Within a coral head, the genetically identical polyps reproduce asexually, either by budding (gemmation) or by dividing, whether longitudinally or transversely. Budding involves splitting a smaller polyp from an adult.[49] As the new polyp grows, it forms its body parts. The distance between the new and adult polyps grows, and with it, the coenosarc (the common body of the colony). Budding can be intratentacular, from its oral discs, producing same-sized polyps within the ring of tentacles, or extratentacular, from its base, producing a smaller polyp. Division forms two polyps that each become as large as the original. Longitudinal division begins when a polyp broadens and then divides its coelenteron (body), effectively splitting along its length. The mouth divides and new tentacles form. The two polyps thus created then generate their missing body parts and exoskeleton. Transversal division occurs when polyps and the exoskeleton divide transversally into two parts. This means one has the basal disc (bottom) and the other has the oral disc (top); the new polyps must separately generate the missing pieces.
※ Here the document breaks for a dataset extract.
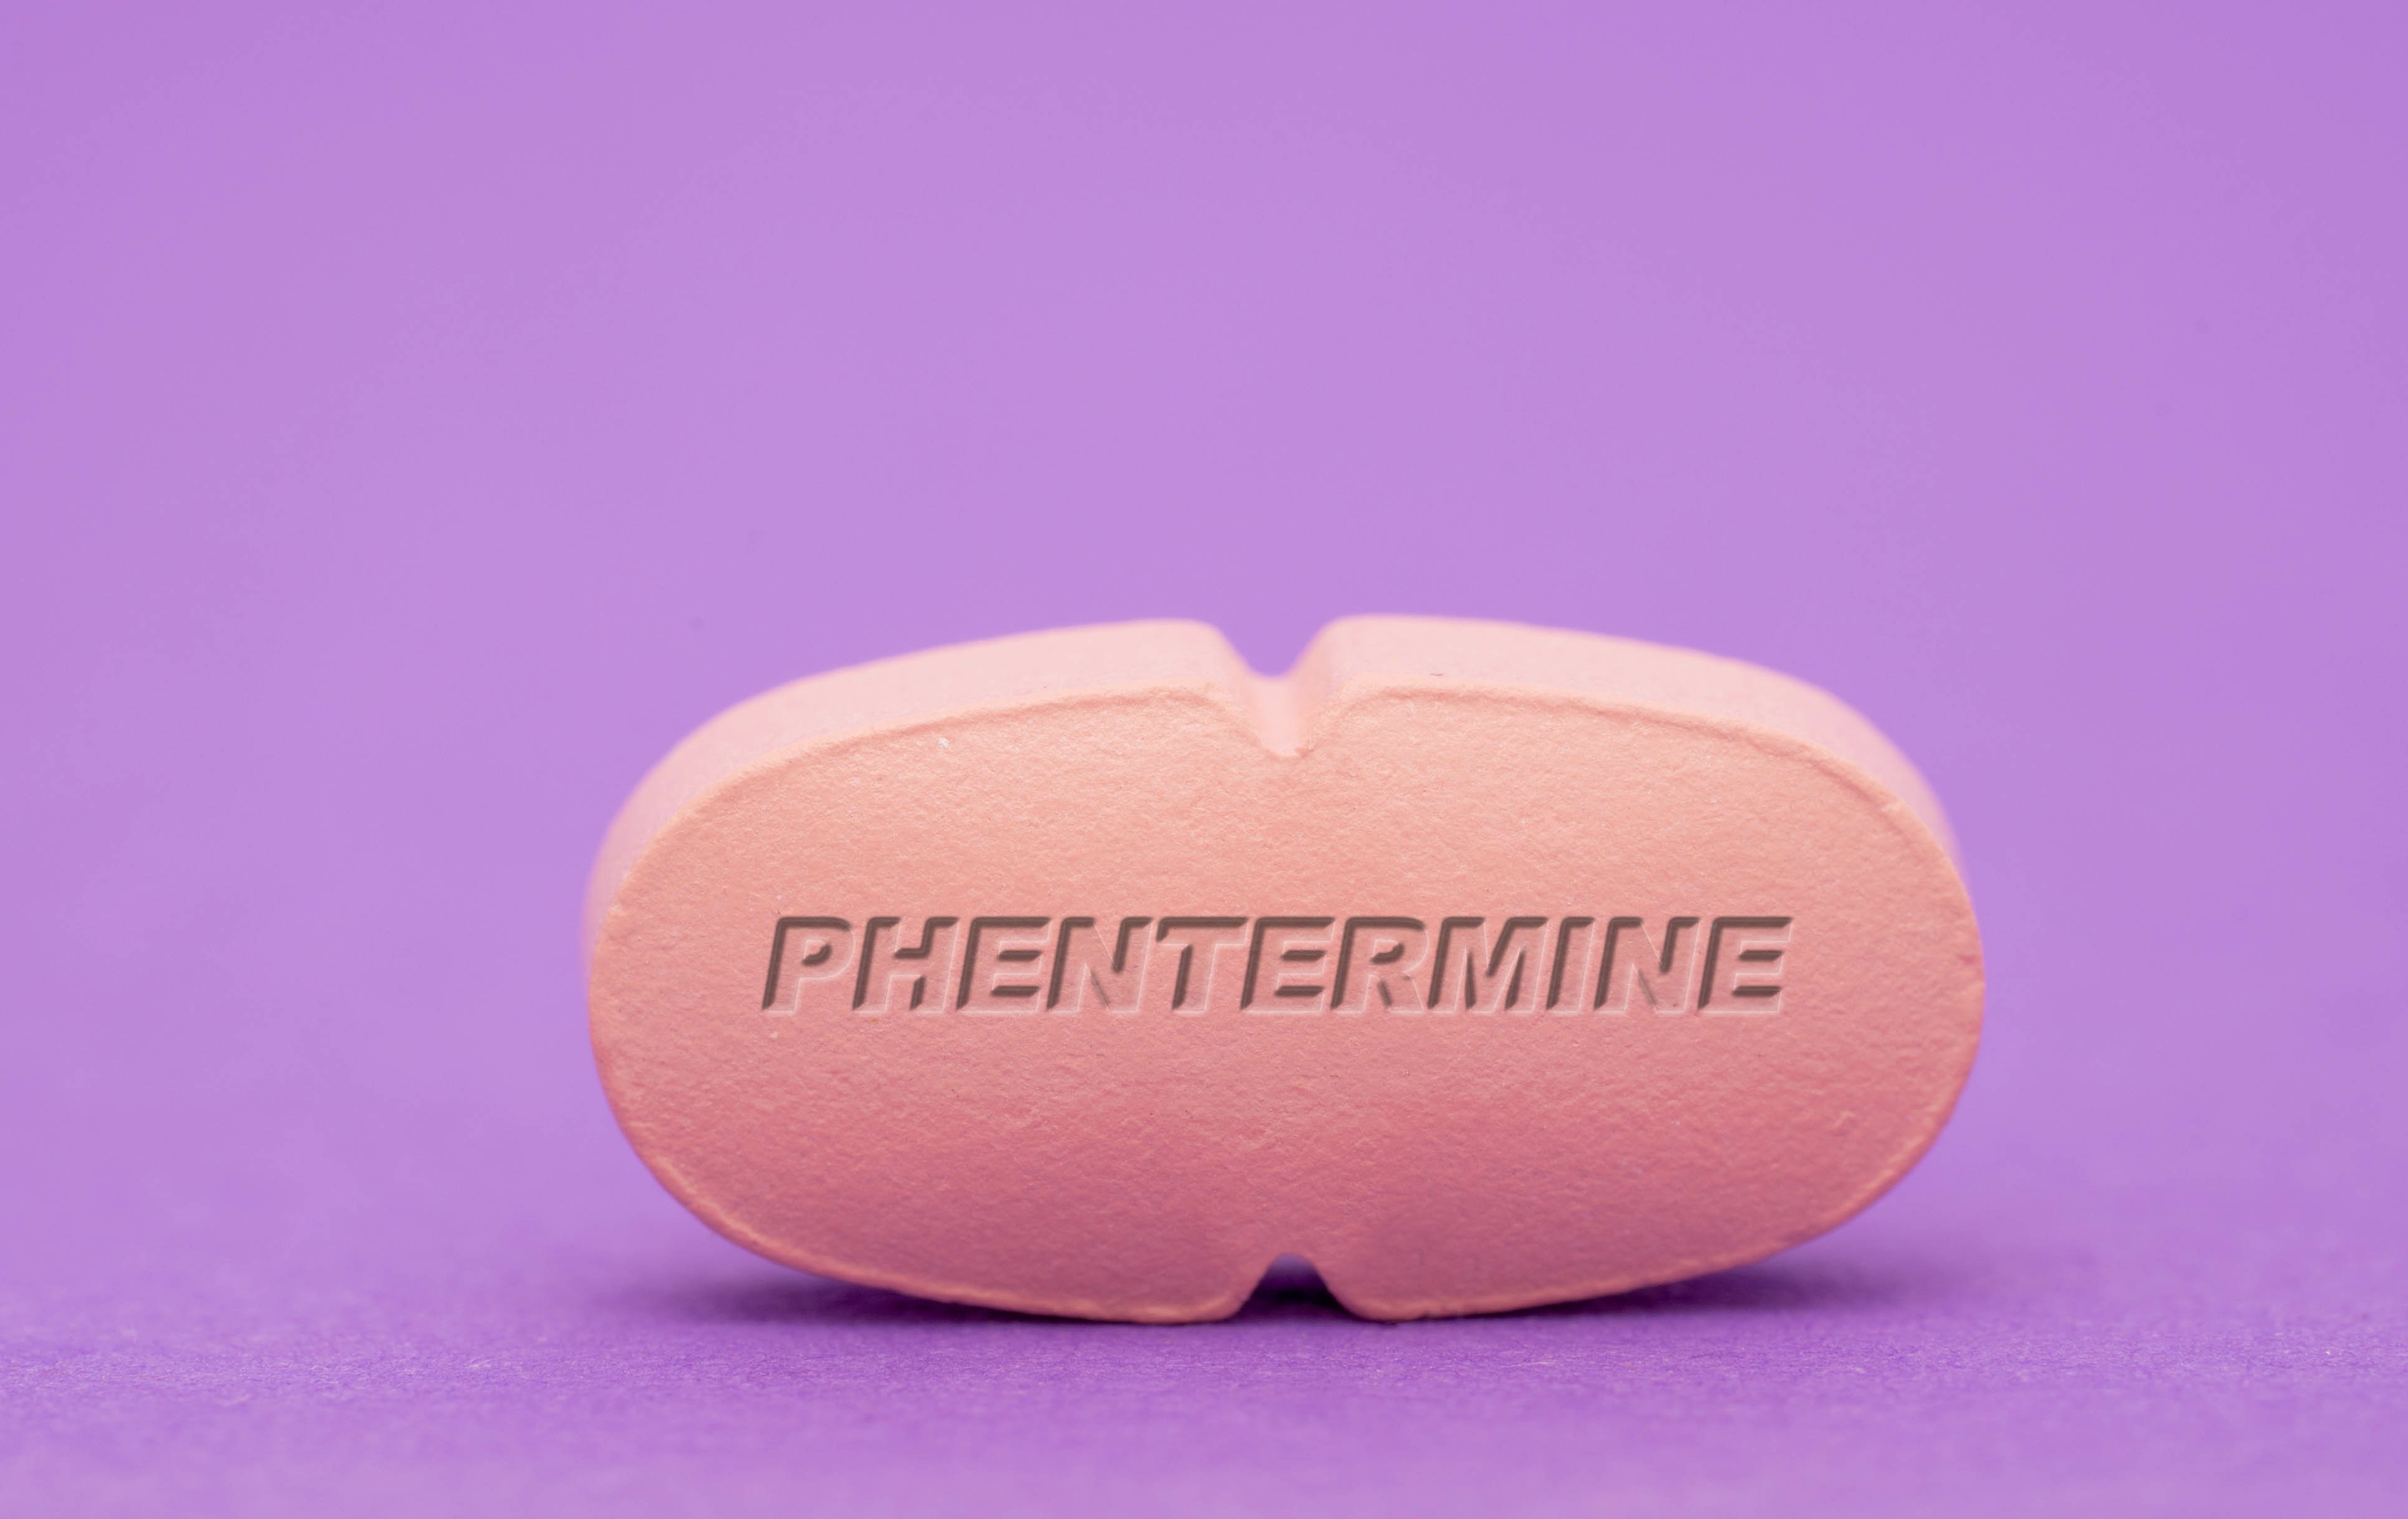 An image of a phentermine pill.

Asexual reproduction offers the benefits of high reproductive rate, delaying senescence, and replacement of dead modules, as well as geographical distribution.[clarification needed][59] Colony division Whole colonies can reproduce asexually, forming two colonies with the same genotype. The possible mechanisms include fission, bailout and fragmentation. Fission occurs in some corals, especially among the family Fungiidae, where the colony splits into two or more colonies during early developmental stages. Bailout occurs when a single polyp abandons the colony and settles on a different substrate to create a new colony. Fragmentation involves individuals broken from the colony during storms or other disruptions. The separated individuals can start new colonies.[60]